Alcohol 19 (4 mg, 0.007 mmol) and (R)-MPA (5 equiv) afforded (R)-MPA ester S9 (4 mg, 83%). ¹H NMR (400 MHz, CDCl₃): δ 0.01 (s, 6H), 0.67 (d, J = 6.9 Hz, 3H), 0.88 (s, 9H), 1.55–1.58 (m, 2H), 1.64–1.69 (m, 1H), 2.49 (dd, J = 14.5, 6.4 Hz, 1H), 2.58 (dd, J = 14.5, 5.8 Hz, 1H), 2.79 (dt, J = 8.5, 3.9 Hz, 1H), 3.21–3.32 (m, 1H), 3.41 (s, 3H), 3.49–3.52 (m, 1H), 3.53 (s, 3H), 3.79 (s, 3H), 3.85 (d, J = 10.3 Hz, 1H), 4.07 (d, J = 10.3 Hz, 1H), 4.72 (s, 1H), 5.18–5.26 (m, 1H), 5.30 (s, 1H), 5.33 (d, J = 1.4 Hz, 1H), 5.42 (d, J = 1.4 Hz, 1H), 6.81–6.85 (m, 2H), 7.15–7.20 (m, 2H), 7.30–7.37 (m, 3H), 7.43–7.47 (m, 2H). HRMS (ESI+) m/z: calcd for C₃₅H₅₅BrNO₇Si [M + NH₄]⁺, 708.2926; found, 708.2876.

(5R,7S,8S,E)-1-Bromo-9-((tert-butyldimethylsilyl)oxy)-2-methoxy-7-((4-methoxybenzyl)oxy)-8-methyl-3-methylenenon-1-en-5-yl-(S)-2-methoxy-2-phenylacetate (S10)

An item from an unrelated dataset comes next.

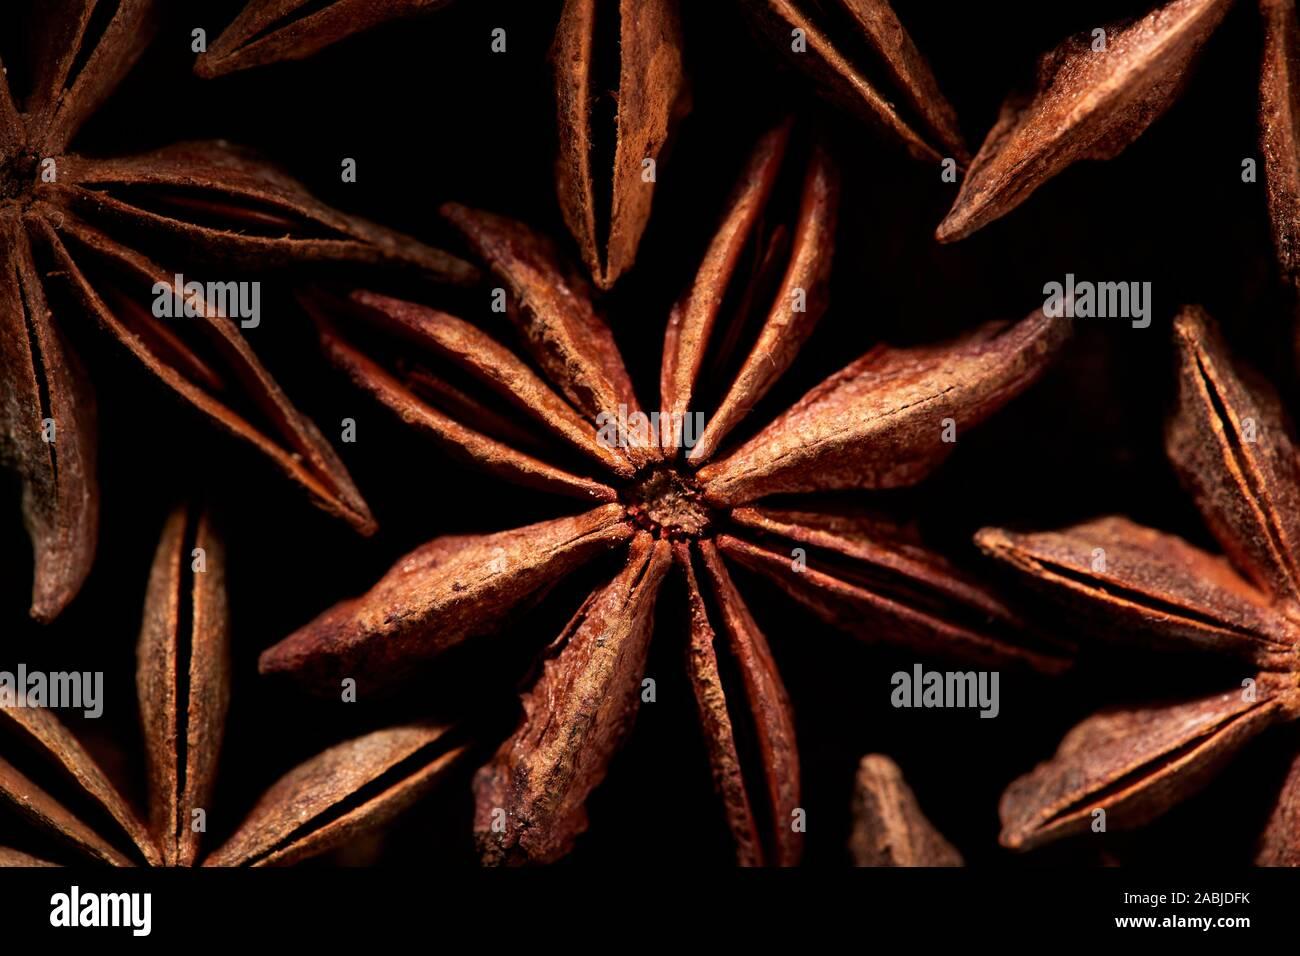 Schéma des graines d'anis étoile Badyan fermer jusqu'au marché en Inde Banque D'Images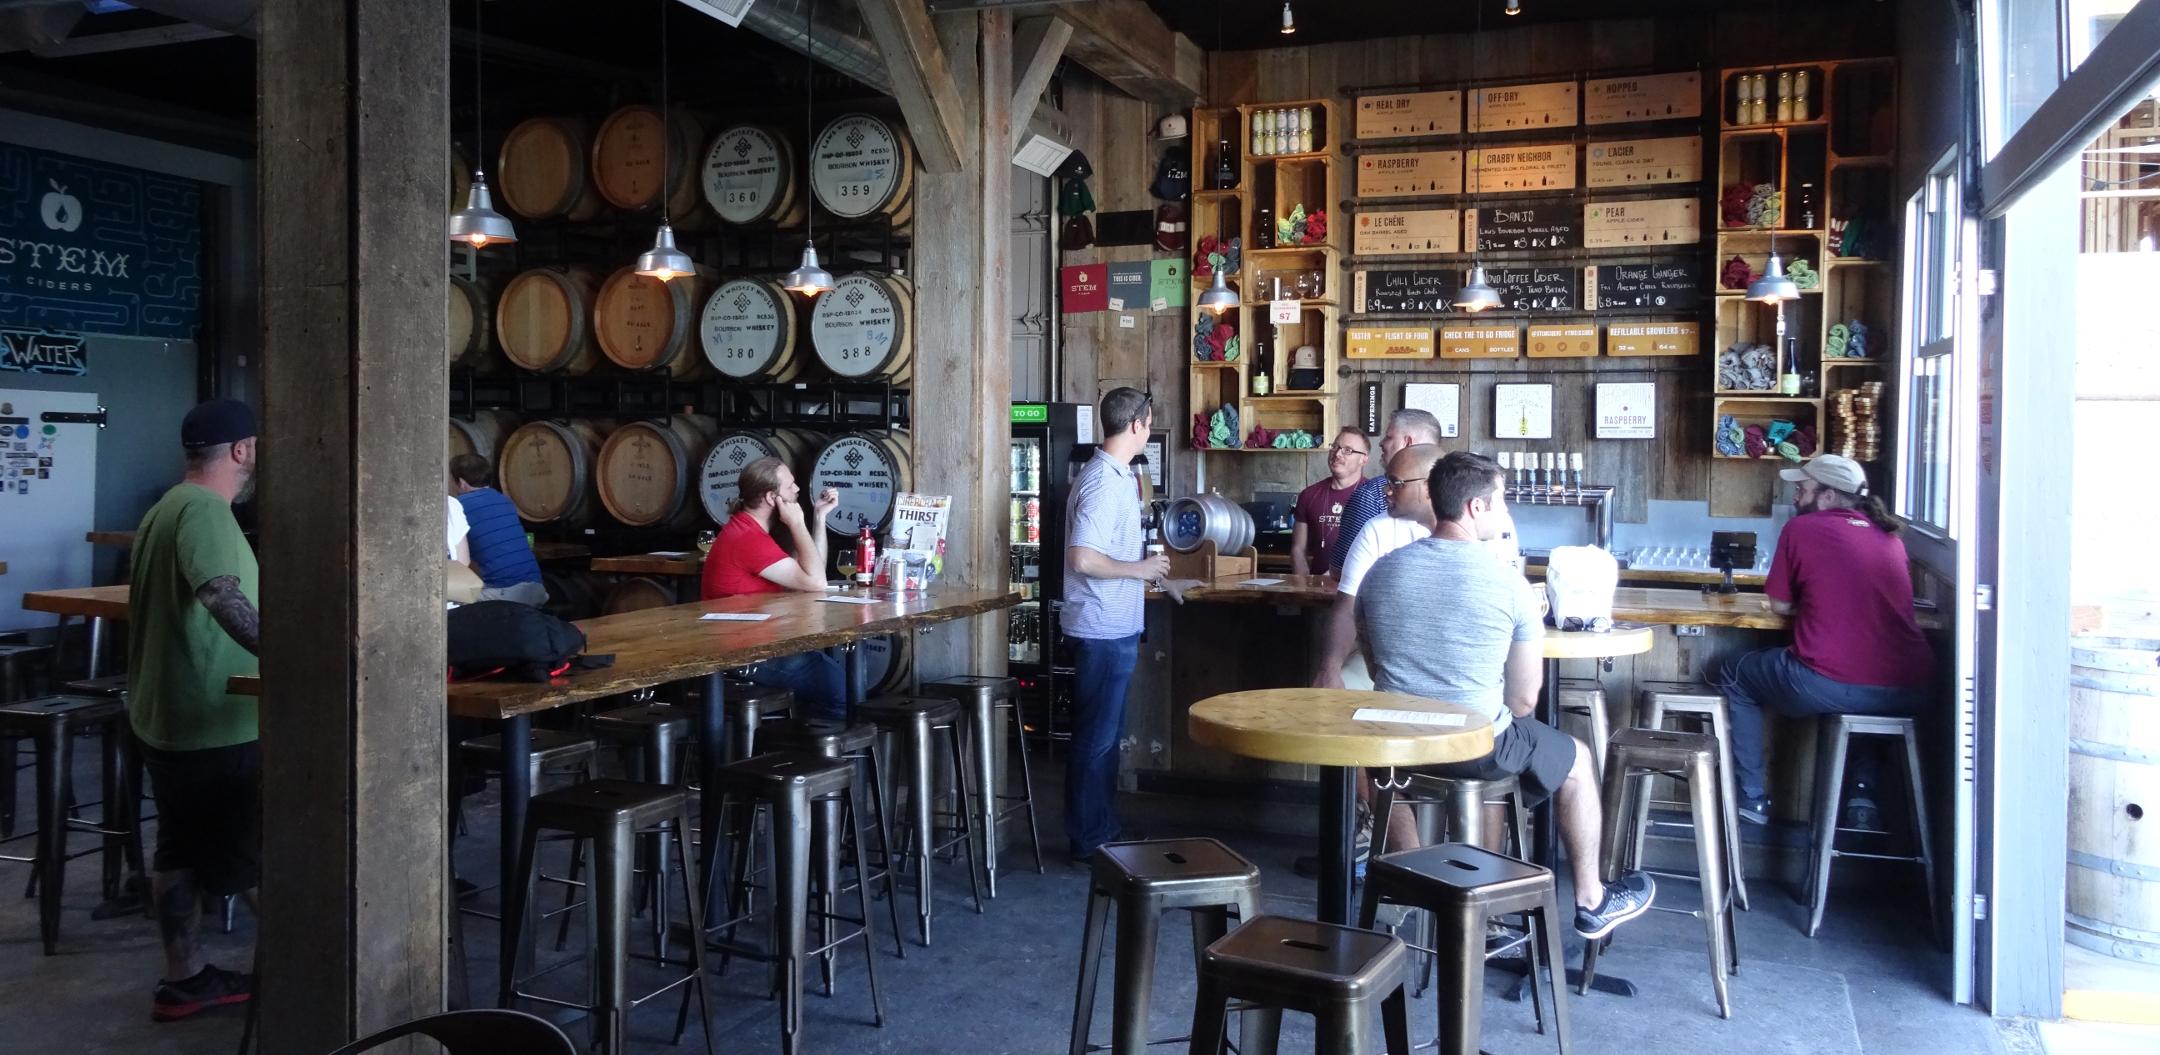 Stem Cider Tap Room - Denver, CO

Alcohol 19 (4 mg, 0.007 mmol) and (S)-MPA (5 equiv) afforded (S)-MPA ester S10 (5 mg, quant.). ¹H NMR (400 MHz, CDCl₃): δ 0.04 (s, 6H), 0.86 (d, J = 6.9 Hz, 3H), 0.90 (s, 9H), 1.68–1.74 (m, 2H), 1.76–1.83 (m, 1H), 2.35 (dd, J = 14.5, 5.7 Hz, 1H), 2.47 (dd, J = 14.5, 6.7 Hz, 1H), 3.32–3.36 (m, 1H), 3.38–3.41 (m, 1H), 3.41 (s, 3H), 3.45 (s, 3H), 3.61 (dd, J = 9.8, 6.0 Hz, 1H), 3.79 (s, 3H), 4.20 (d, J = 10.5 Hz, 1H), 4.32 (d, J = 10.5 Hz, 1H), 4.72 (s, 1H), 5.03 (d, J = 1.4 Hz, 1H), 5.21 (s, 3H), 6.82–6.86 (m, 2H), 7.22–7.26 (m, 2H), 7.30–7.35 (m, 3H), 7.42–7.47 (m, 2H). HRMS (ESI+) m/z: calcd for C₃₅H₅₅BrNO₇Si [M + NH₄]⁺, 708.2926; found, 708.2921.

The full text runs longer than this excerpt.